Complete step-by-step answer:

Given that: \[\sin 3\theta = \cos \left( {\theta - {6^0}} \right)\] ----- (1)
We will convert the sine term into the cosine term.
As we know that:
$\cos A = \sin \left( {{{90}^0} - A} \right)$
We will substitute the value of A as $\left( {\theta - {6^0}} \right)$ , so we have:
\[
  \cos \left( {\theta - {6^0}} \right) \\
   = \sin \left( {{{90}^0} - \left( {\theta - {6^0}} \right)} \right) \\
   = \sin \left( {{{90}^0} - \theta + {6^0}} \right) \\
   = \sin \left( {{{96}^0} - \theta } \right) \\
 \]
Now let us put this value in equation (1)
$
  \because \sin 3\theta = \cos \left( {\theta - {6^0}} \right) \\
   \Rightarrow \sin 3\theta = \sin \left( {{{96}^0} - \theta } \right) \\
 $
As we know that when $\sin A = \sin B$ then A = B when A and B are acute angles.

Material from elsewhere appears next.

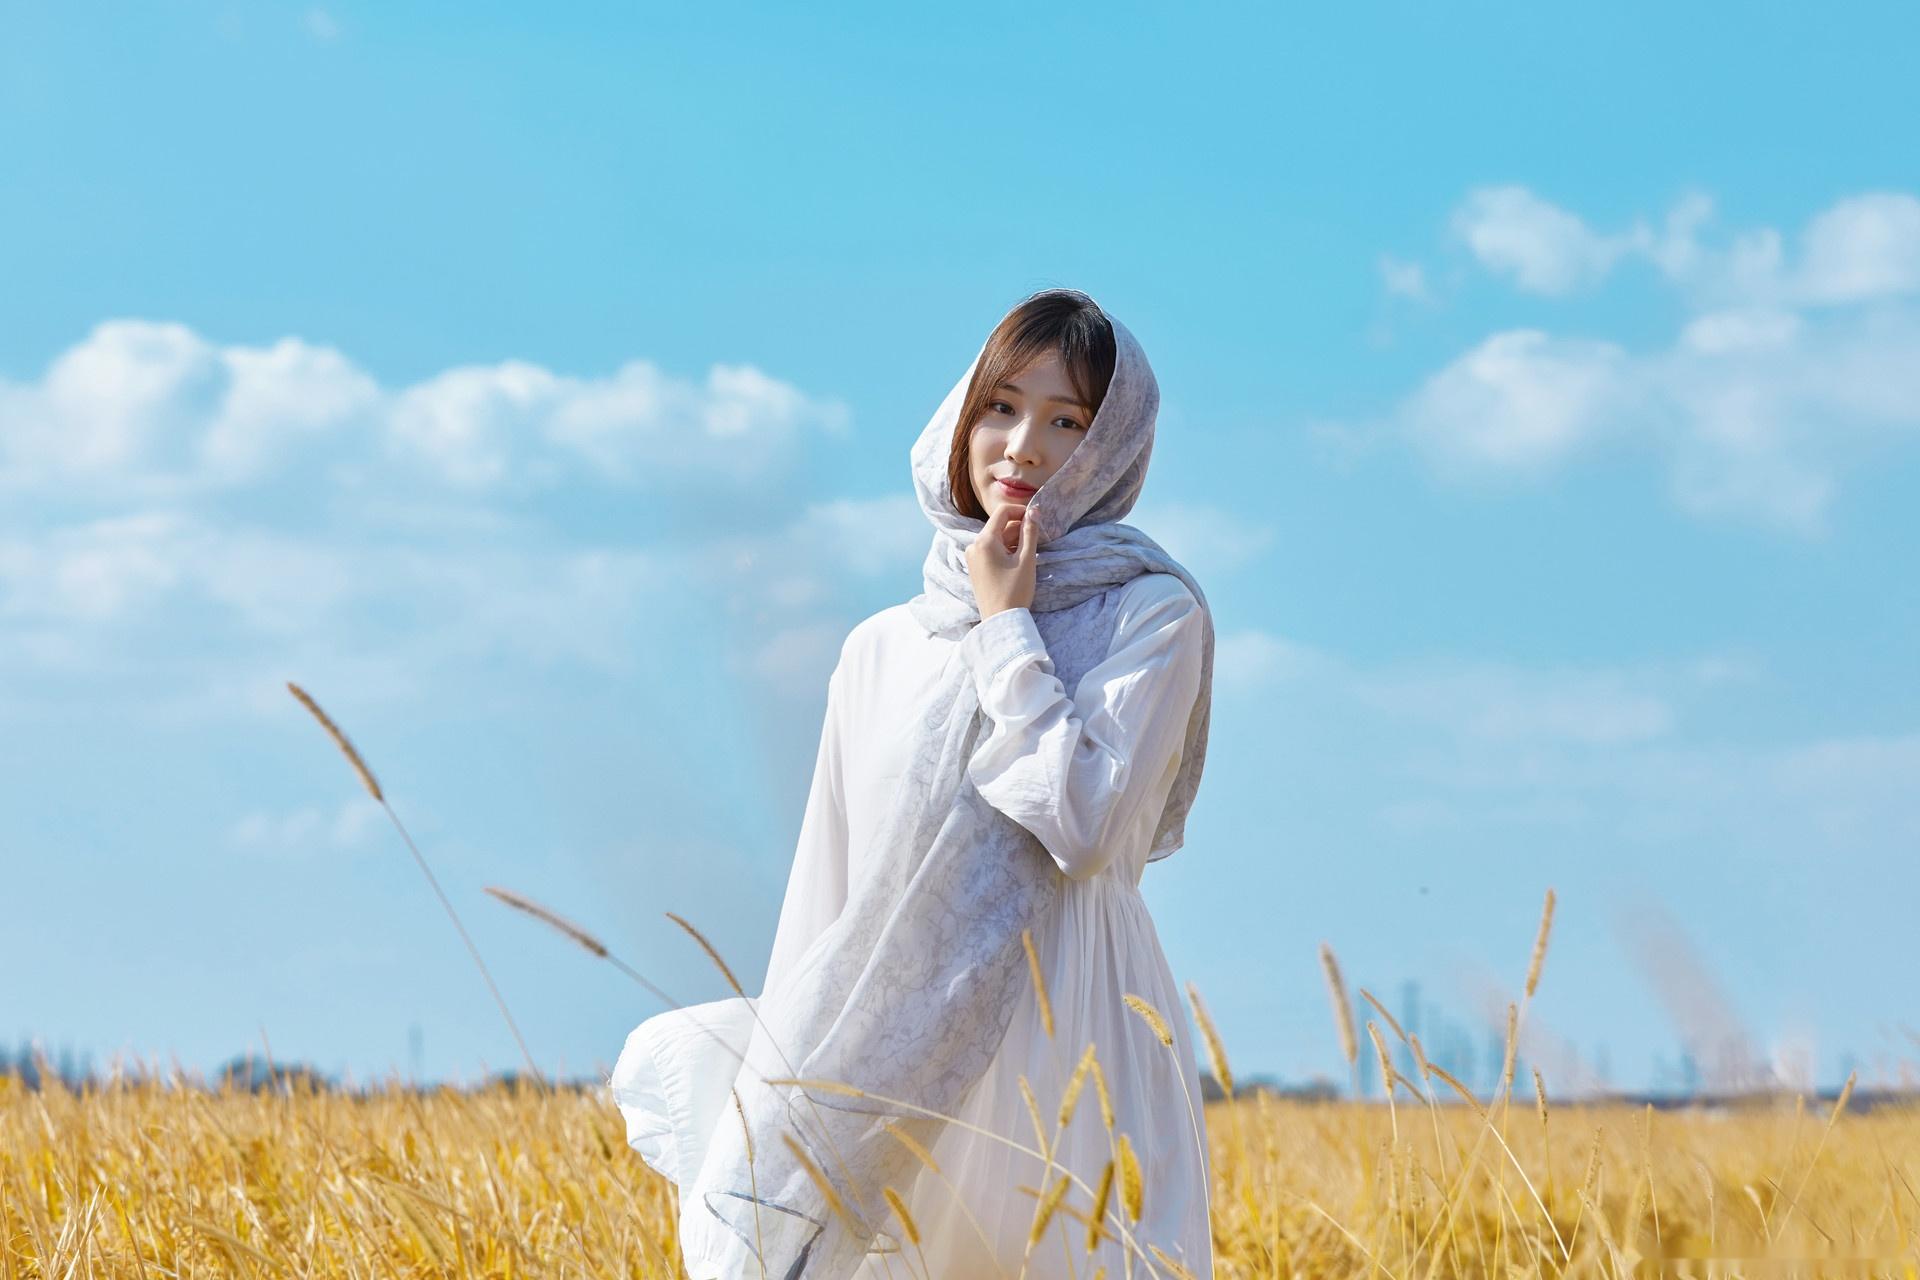 塔羅丨星座周運12/14 – 12/20,白羊貴人不斷,巨蟹得到支持

So using the same property in the above problem we get:
\[
  \because \sin 3\theta = \cos \left( {\theta - {6^0}} \right) \\
   \Rightarrow 3\theta = \left( {{{96}^0} - \theta } \right) \\
   \Rightarrow 3\theta + \theta = {96^0} \\
   \Rightarrow \theta = {24^0} \\
 \]
Hence, the value of $\theta $ is \[{24^0}\] for the given problem statement.

Note- In order to solve such types of problems students must remember the trigonometric identities relating one trigonometric term to another with change in angle. Also students may sometimes manipulate the identity according to the problem statement in order to bring the terms similar to the problem statement.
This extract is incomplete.